Les différences de comportement entre les pollutions d’origine dissoute et particulaire sont très nettes. La pollution dissoute transite avec la masse d’eau. Plus l’écoulement est rapide et plus on retrouve cette pollution dans les secteurs avals du point de rejet. Pour la phase particulaire, les données sont différentes : les particules issues des rejets ont des vitesses de sédimentation très fortes et entraînent dans leur chute les matières en suspension provenant de l’amont par des processus de floculation.
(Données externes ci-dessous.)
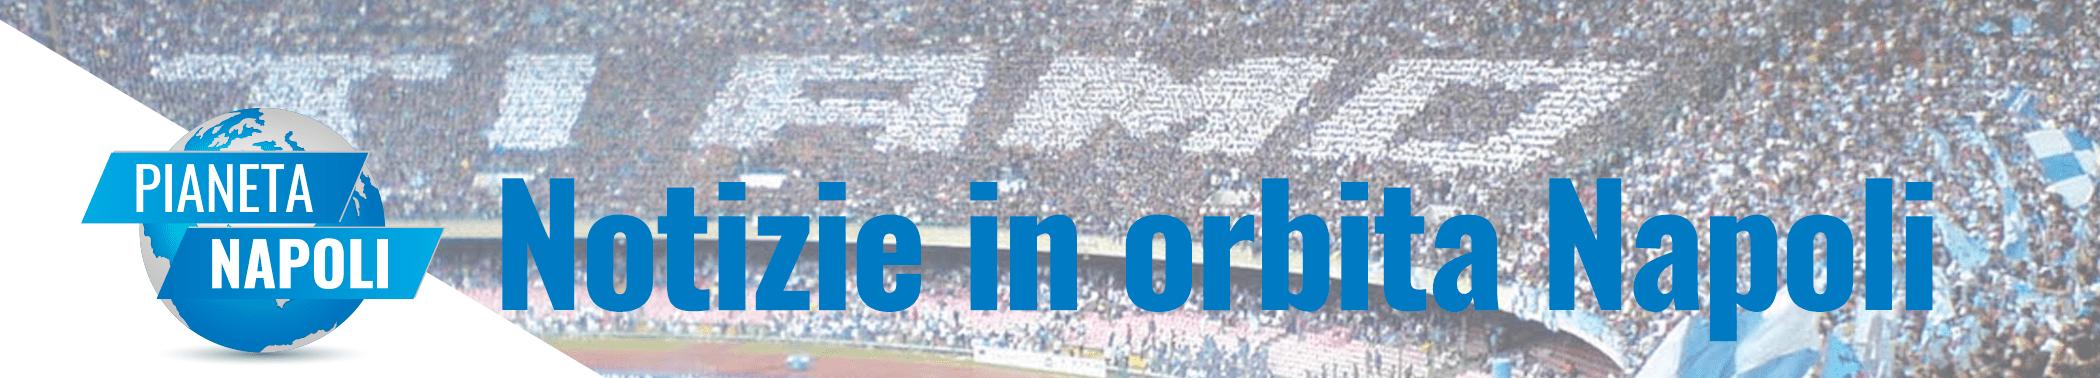 Pianeta Napoli. Notizie in Orbita Napoli
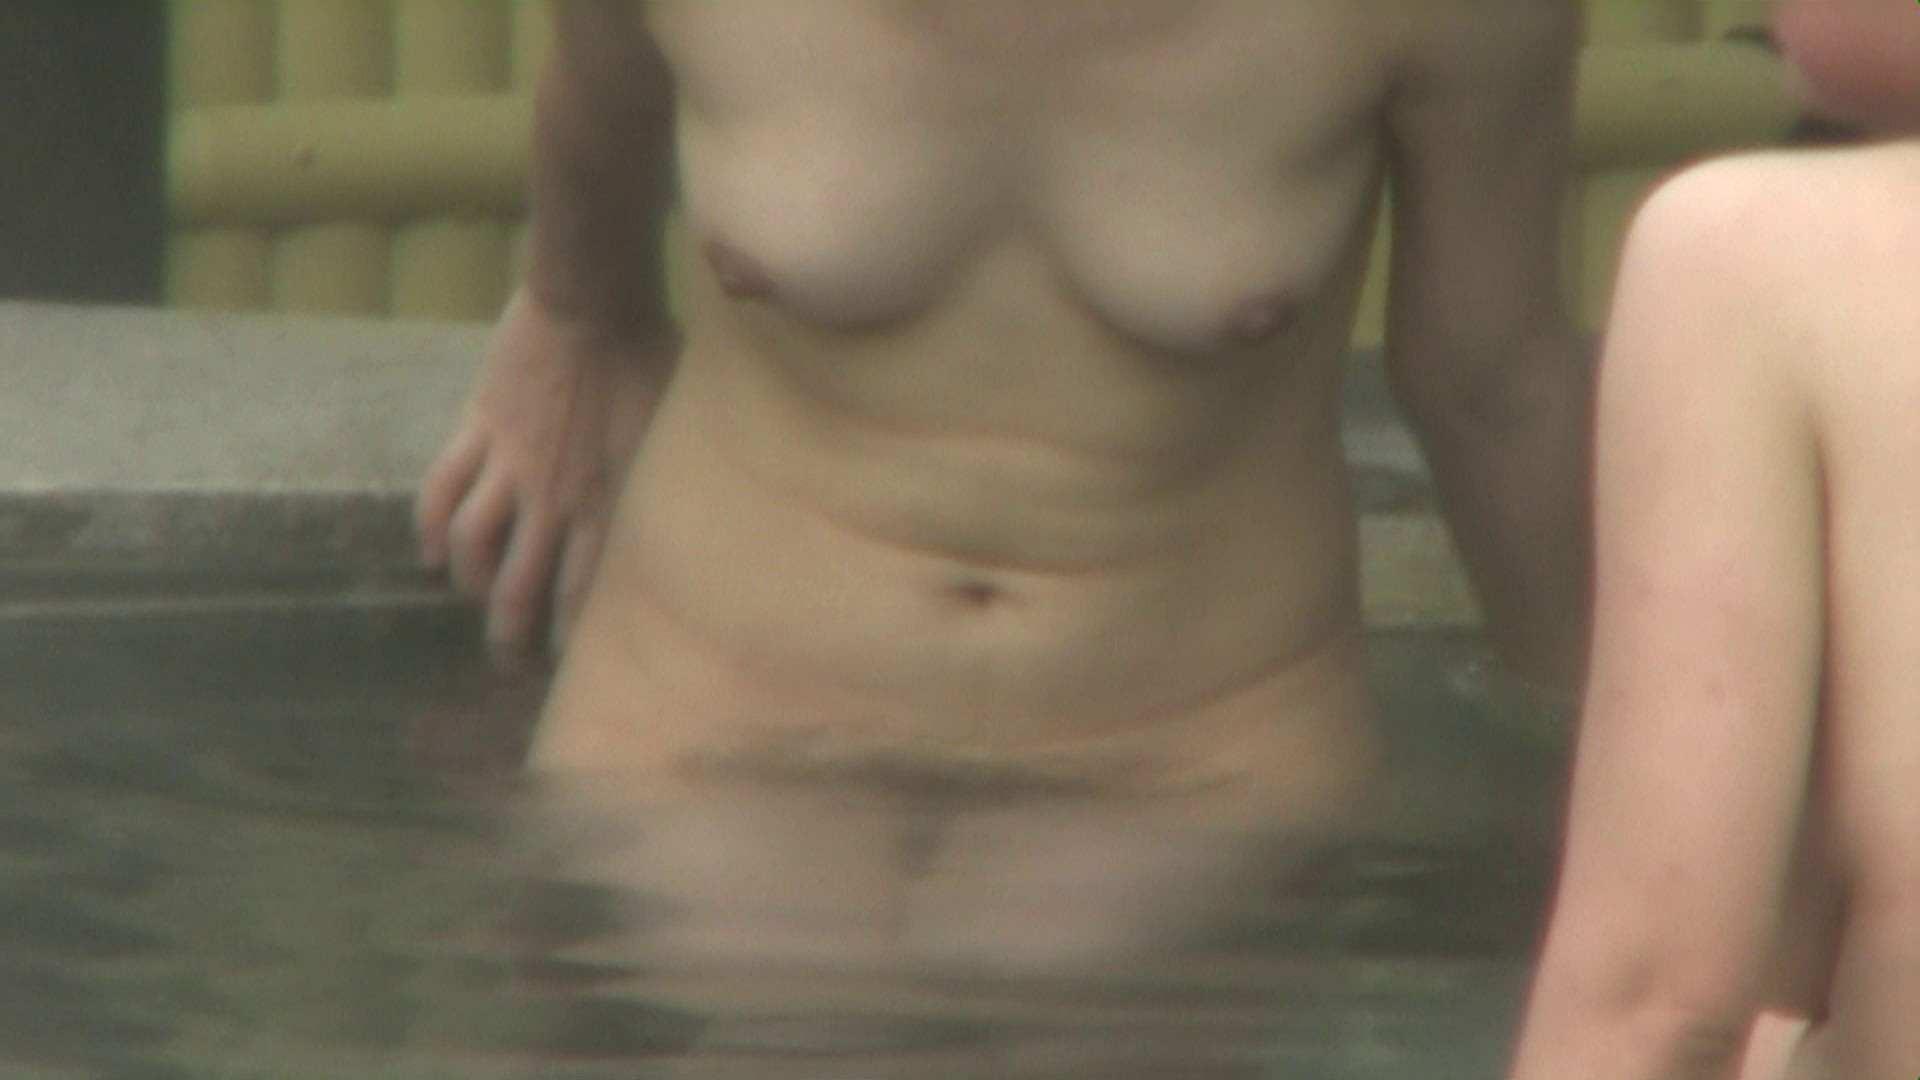 Aquaな露天風呂Vol.74【VIP限定】 OLセックス  68画像 48

La pollution associé à ces particules se retrouve dans un premier temps à l’aval direct du point de rejet et occasionne par la suite, dans le milieu récepteur, des troubles importants, que ce soit par des phénomènes de consommation benthique ou par des remises en suspension. Les bactéries hétérotrophes, associées à la phase particulaire, se retrouvent dans les dépôts, qui sont un milieu propice à leur développement, et contribuent à l’appauvrissement de l’oxygène dissous de la colonne d’eau. L’estimation de flux de MES, de leur stockage et de la dynamique de leur transport (c’est à dire leur âge) dans les biefs avals des grands rejets urbains est indispensable si l’on cherche à évaluer l’impact de ces rejets sur le milieu naturel.